(TASK MATERIAL begins)
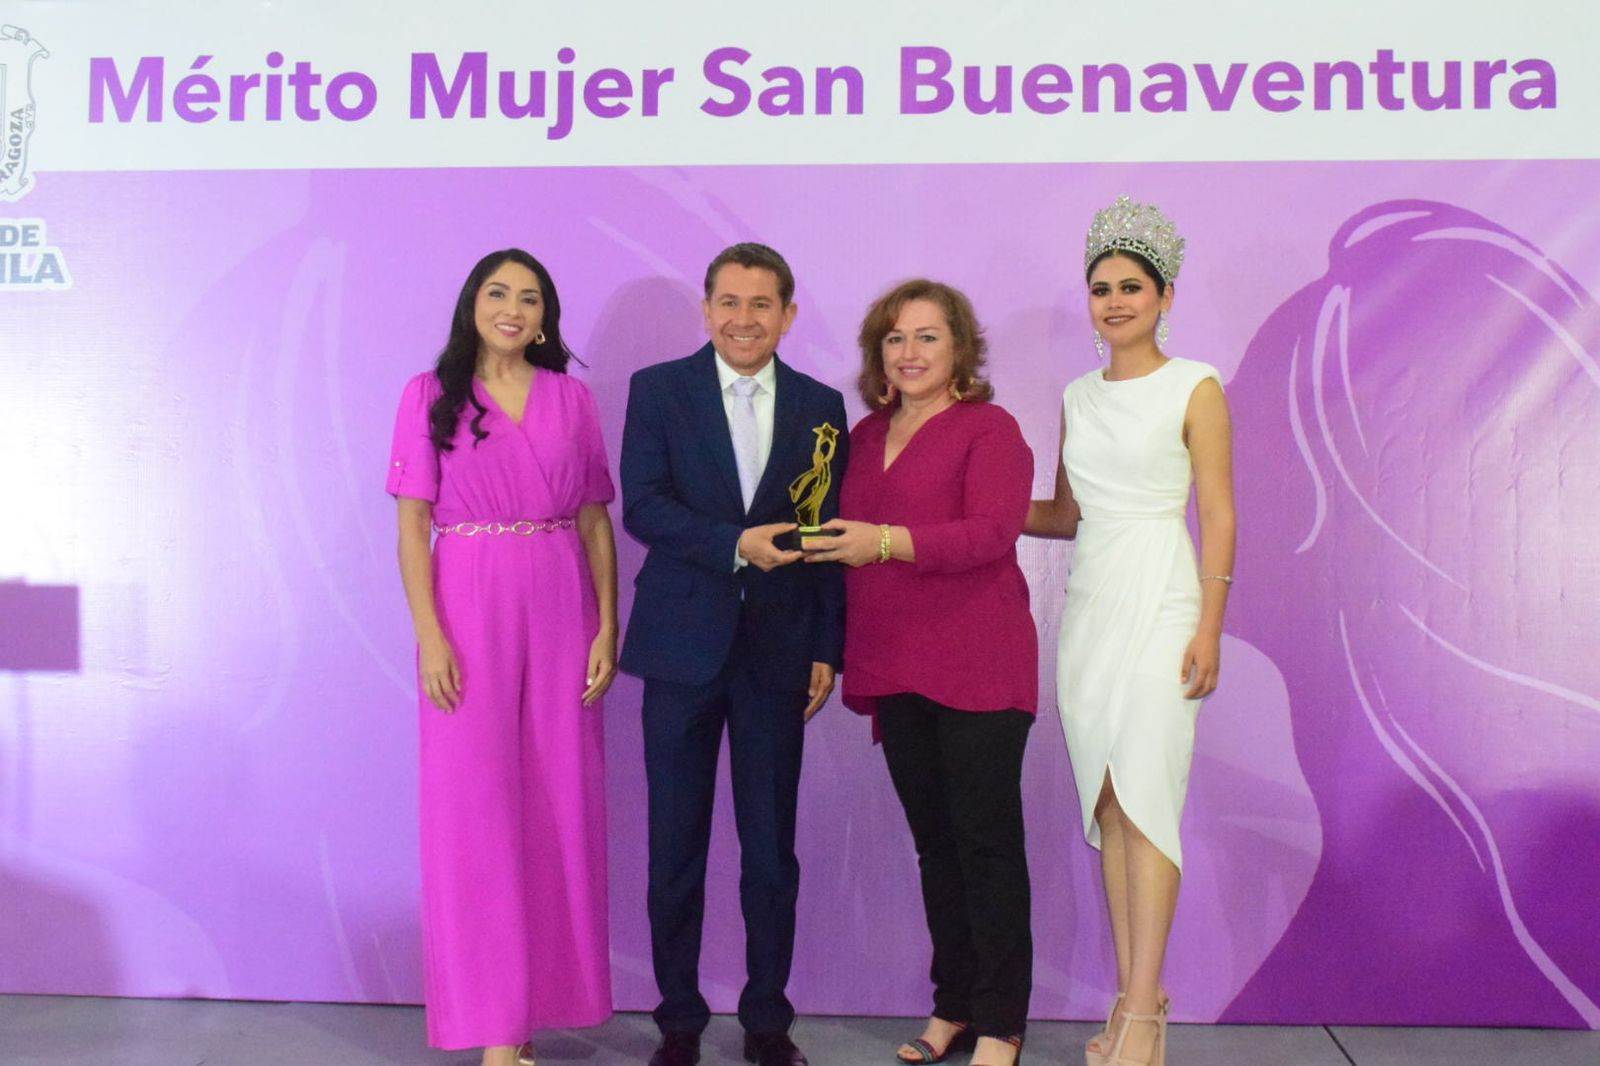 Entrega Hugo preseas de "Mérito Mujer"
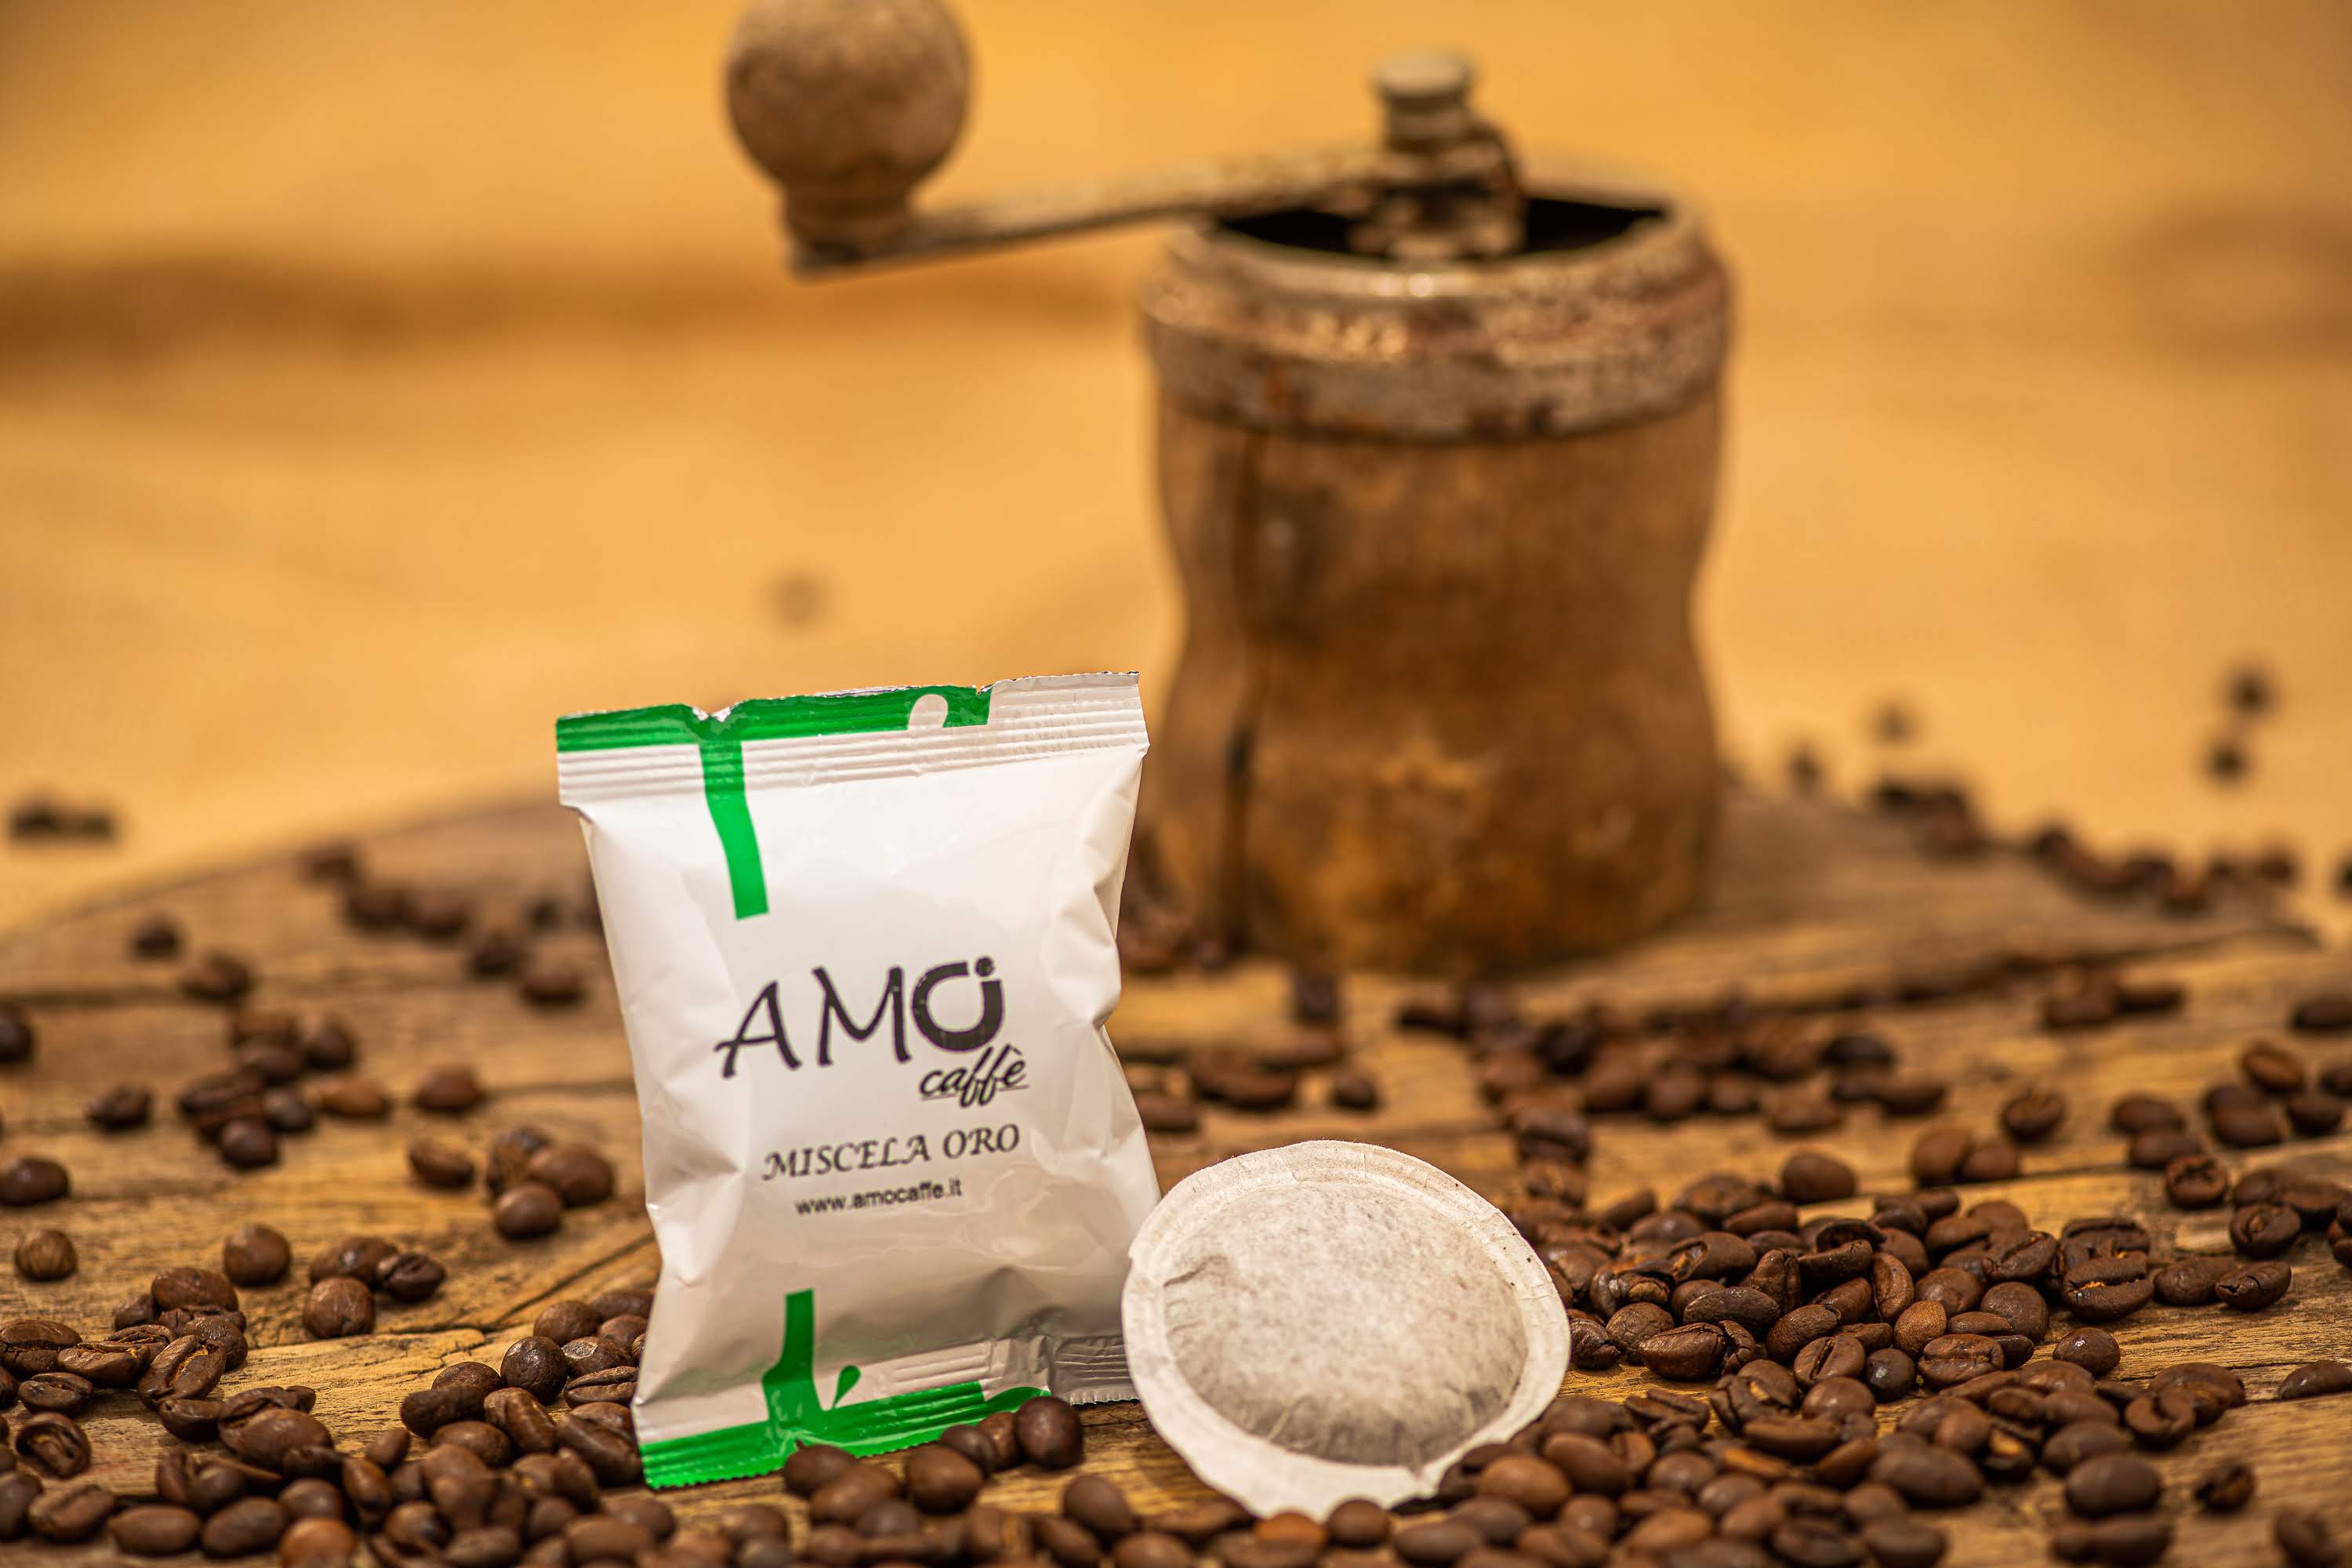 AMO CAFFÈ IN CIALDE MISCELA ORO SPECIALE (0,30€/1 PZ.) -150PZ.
(TASK MATERIAL ends)
(TASK MATERIAL begins)
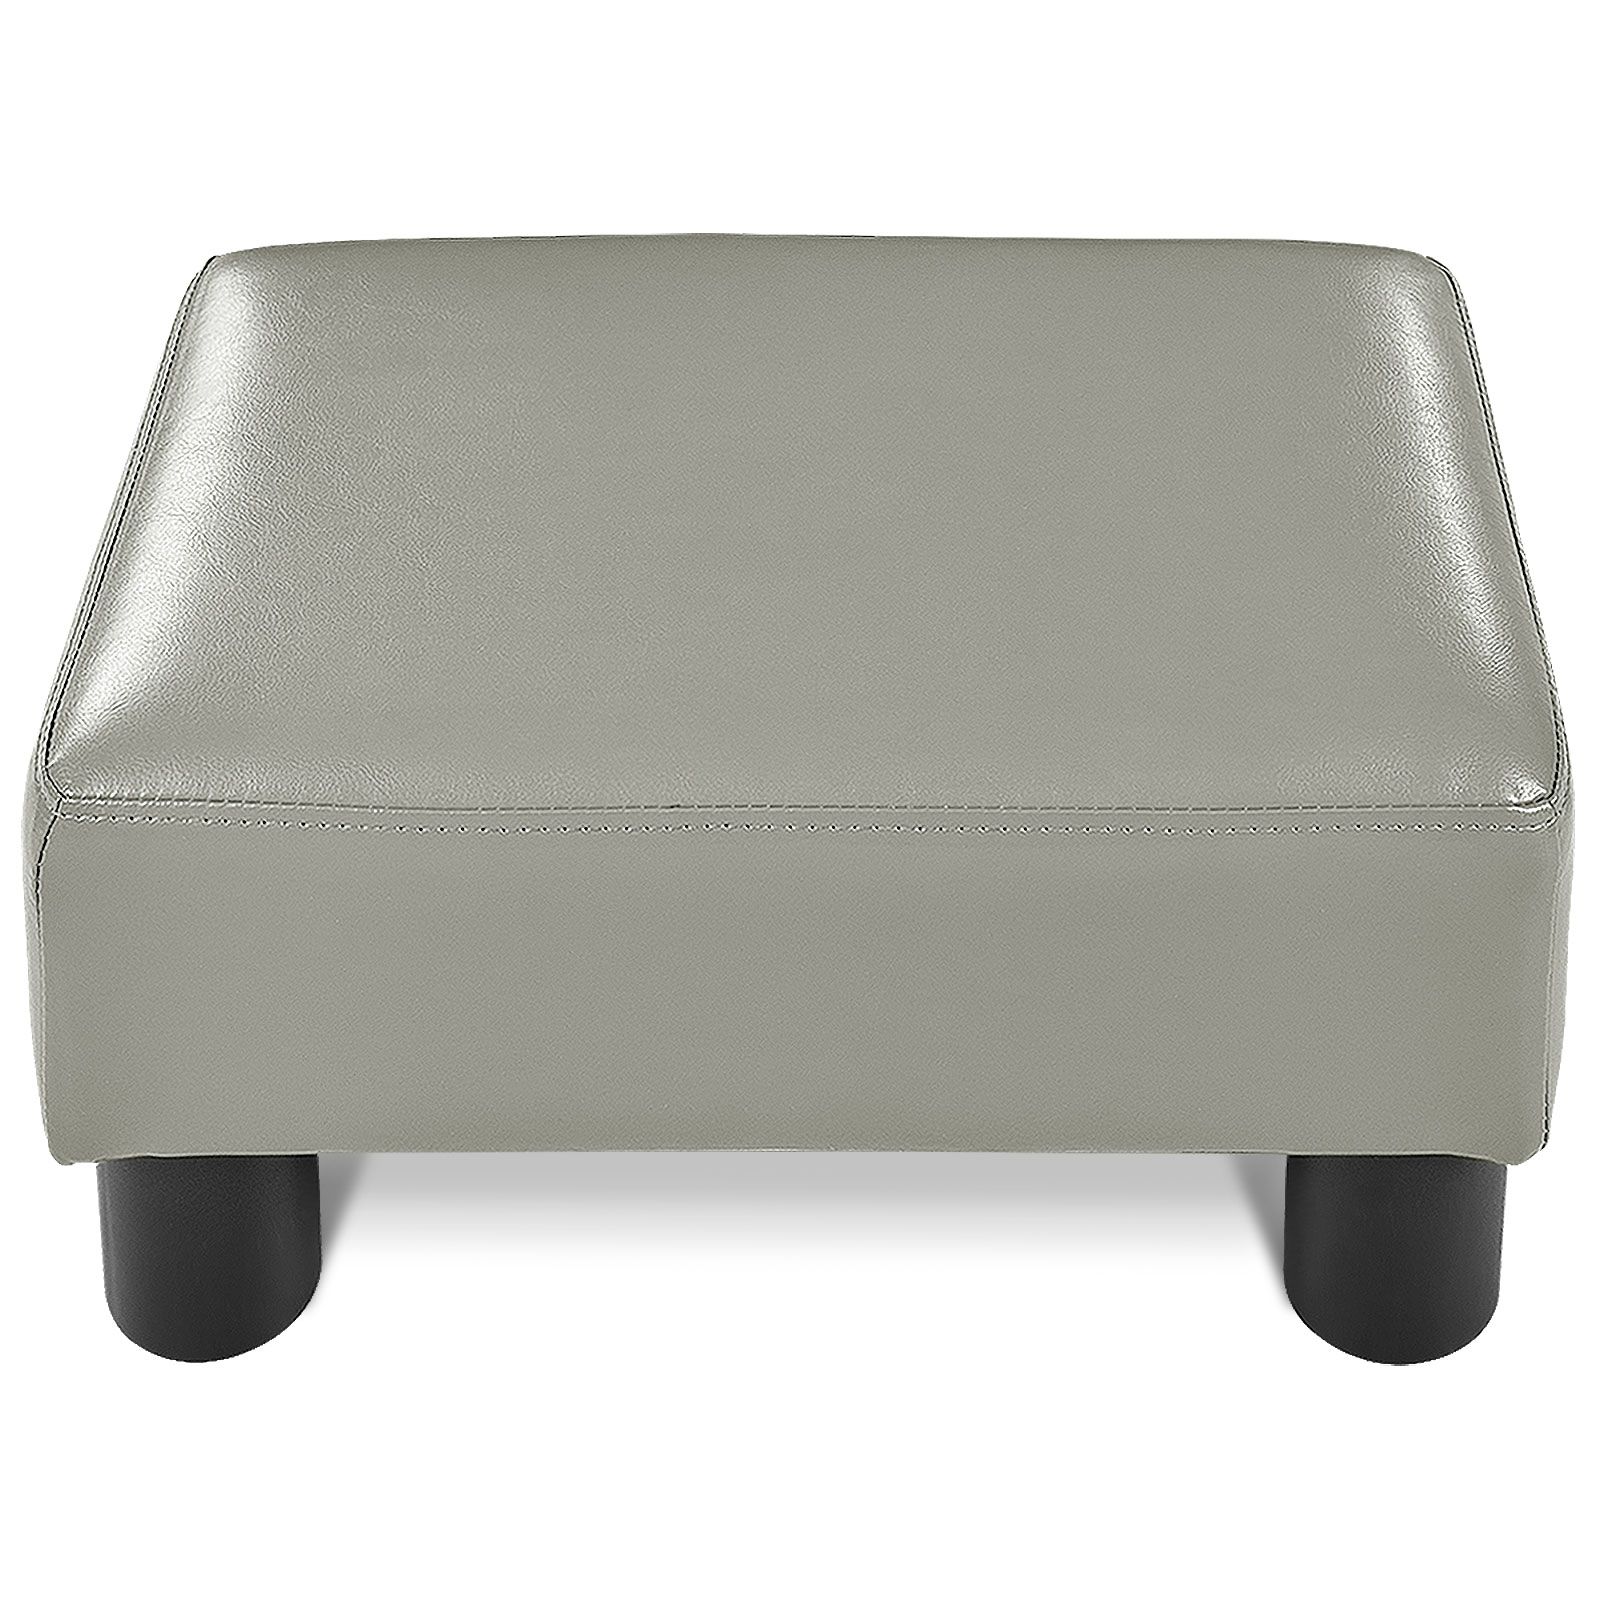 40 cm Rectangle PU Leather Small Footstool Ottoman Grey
(TASK MATERIAL ends)
(TASK MATERIAL begins)
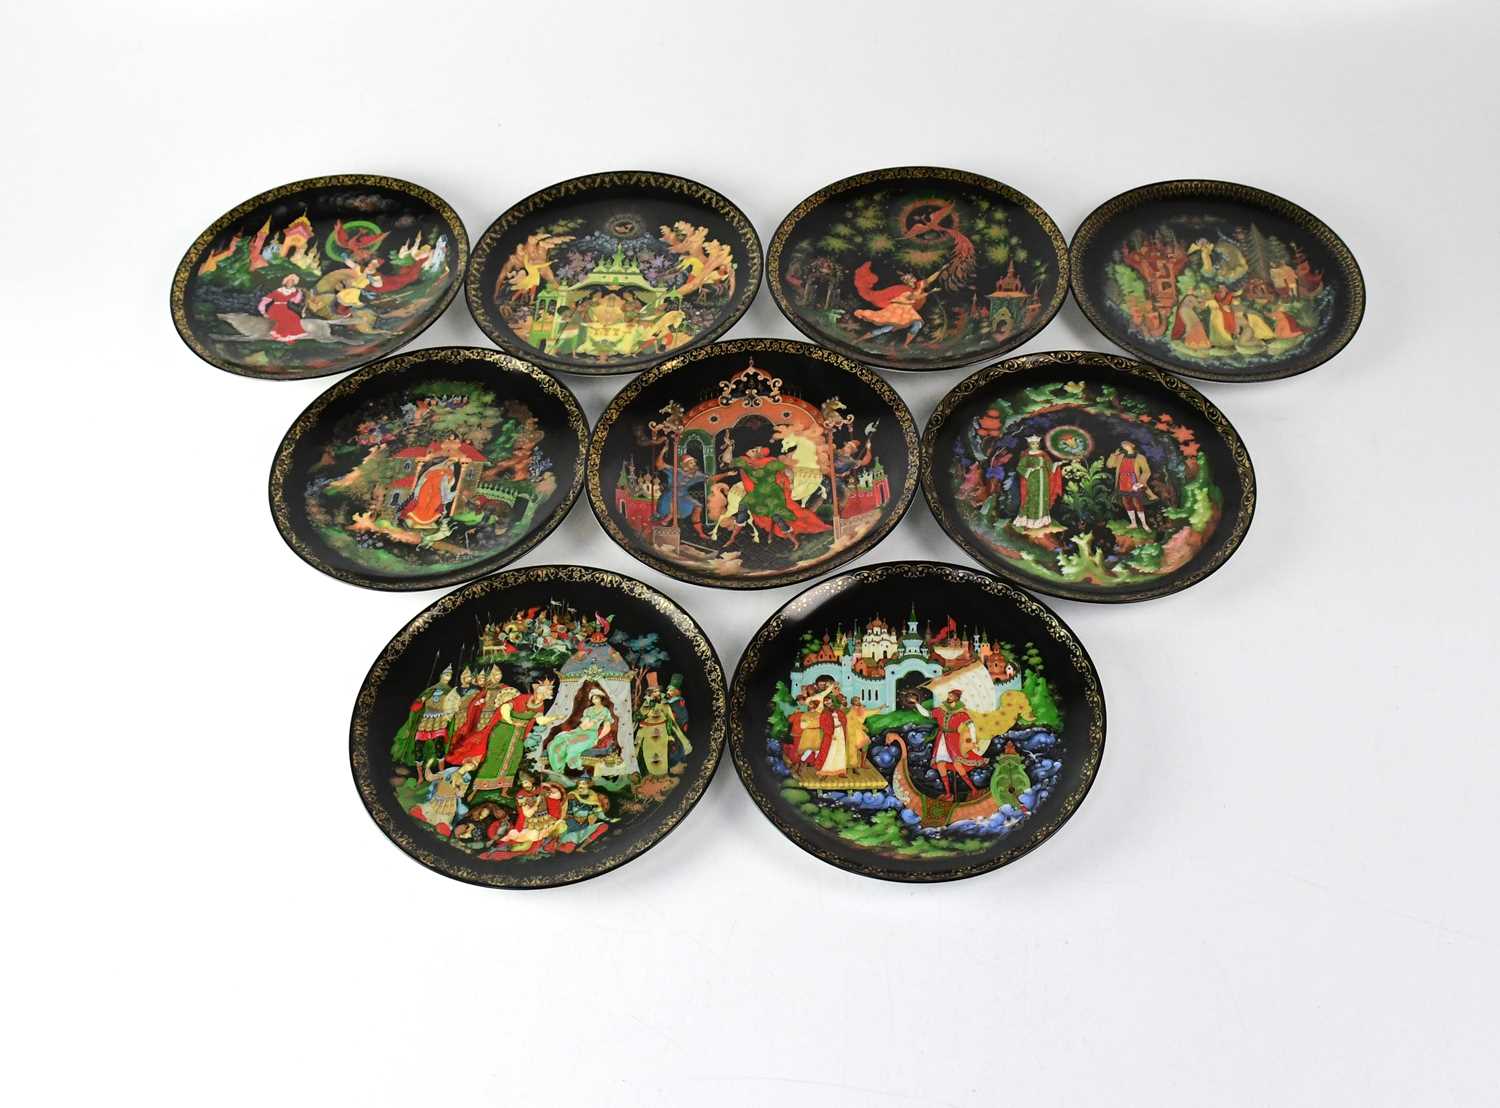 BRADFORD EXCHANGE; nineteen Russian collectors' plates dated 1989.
(TASK MATERIAL ends)
TRY IT:
Work from the entries above. Set down exactly and only the lines from the line with "Entrega Hugo preseas" to the line with "AMO CAFFÈ IN", both included, and leave the pictures out.

SOLUTION FOR THIS EXERCISE:
 Entrega Hugo preseas de "Mérito Mujer"
 AMO CAFFÈ IN CIALDE MISCELA ORO SPECIALE (0,30€/1 PZ.) -150PZ.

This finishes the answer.